Top Line: On Wednesday the Fed ended its FOMC meeting with a 50 bps cut in the fed funds rate which the stock market was hoping to get. What the stock market wants, Ben gives. That got a blip on the screen but the market closed down on the day anyway. We may have seen the peak of this corrective up move on Wednesday afternoon.
There had been some doubt that the Fed would deliver. We were fairly confident about the 50 bps cut over the past few days. Anyway, the stock market had been down a little, the Dow was down about 30 points going into the announcement, but after the news took very little time to get up 200 points. That move put the Dow up to around 12,680 still 70 points below the 12,750 resistance point we have been mentioning.
At about that time, with an hour or so to trade, the market started leaking almost like someone had pulled the plug out of the bathtub. The market was up 200 points but fell to close down 37 points on the day the Fed lowered rates 50 bps.
We need to add that there was plenty of news on this day and one headline did say that "U.S. Stocks Decline as Bond-Insurer Concern Outweighs Rate Cut". MBIA and Ambac have been mentioned in these pages recently but there had been some thought that the banks had so much at stake that they would rescue these bond insurers. This whole argument is pretty circular...the bond insurer is covering the losses of the bank and the bank says it will cover the losses of the bond insurer. Pretty soon you get back to where you started???
Then there was the UBS announcement of a $11.4 billion loss after a $14 billion writedown in its subprime portfolio. That loss is a big one and it comes from the Biggest European bank by assets (we wonder if that is before or after the big writedown). In fact, Bloomberg says it is the biggest loss for a bank ever.

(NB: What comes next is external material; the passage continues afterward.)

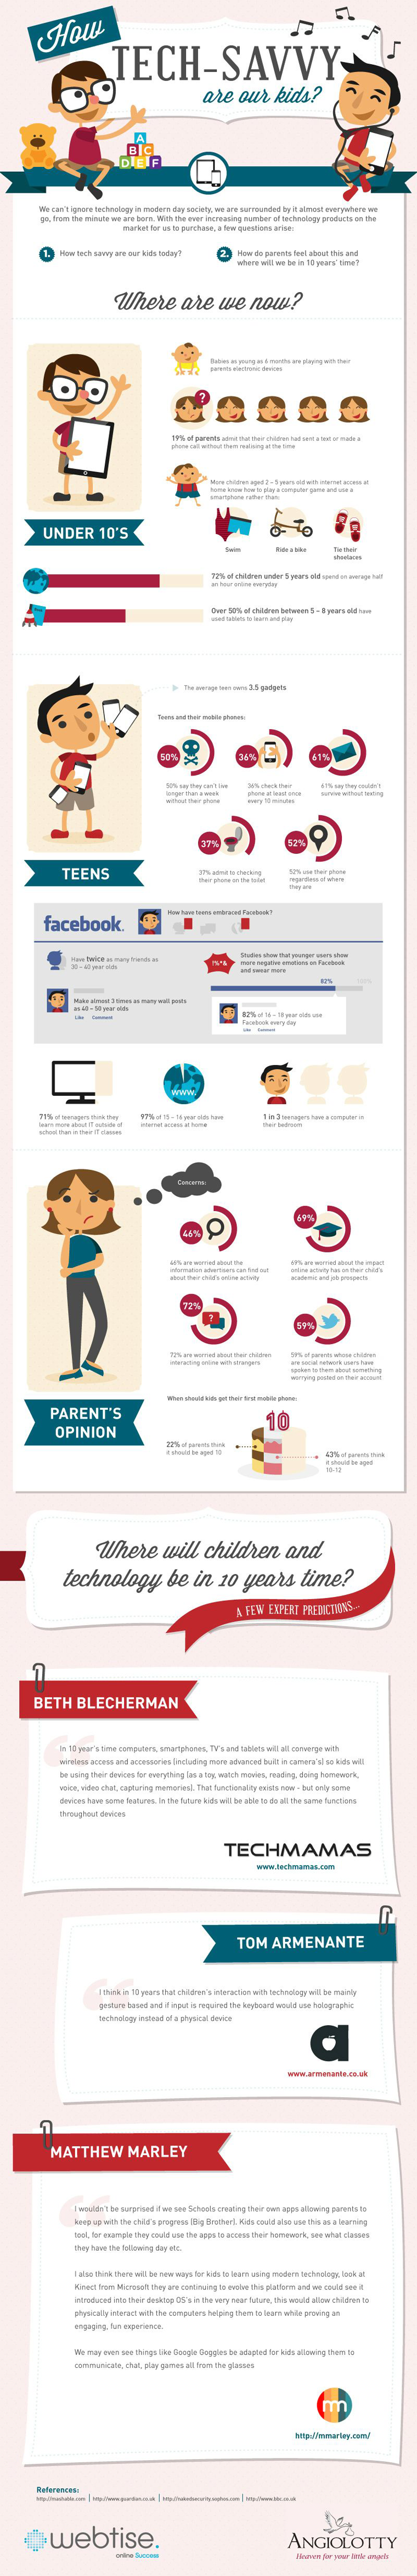 Digital Natives Bond With Technology Early Infographic Edtech Magazine

There were two more items after the close that didn't inspire the bulls. One was AMZN's earnings and their call. The earnings were up quite a bit but their margins were down, which came as a surprise to investors, funny. Let's see, they reported a good quarter a while back because they were offering a deal for free or reduced shipping rates with an upfront fee and they took the earnings right away. Now, they are shipping for free and margins are down, yes, it sounds plausible. The stock was down over 10% after the news dragging the market down with it helped by news from S&P...
They said that they might downgrade $534 billion worth of mortgage debt. This news just added insult to injury after all of the bad news of subprime sort of hung in the air following the closing bell.
The other item we wanted to mention was in reference to SBUX (Starbucks) that we saw. SBUX had been mentioned here as a company to watch along with McDonald's when measuring the consumers ability to spend. Well, today the news was that they had decided to reduce the number of new stores this year by 350.
From an hour prior to the close until now as we write, the market has fallen. It is possible that the move we saw on Wednesday afternoon is the final push to correct the recent slide. We won't know for sure until we see trading over the next few days. The way the market fell away from the late afternoon highs which occurred in conjunction with a 50 bps Fed rate cut is indicative that the market may just be ready to show us how much a bear can growl.
The market could face a non-linear move, as they say, which means a sharp selloff. (They would never call a big up move non-linear, because that is what is supposed to happen.) We would have more confidence in that call if it wasn't so close to the end of the month and the jobs' report due on Friday. We will have more to say on this matter over the next couple of posts. We wonder what the Fed is thinking as the market has basically trashed both rate cuts. Their ammo is being depleted quickly, especially at the rate of 1.25% every eight days or so.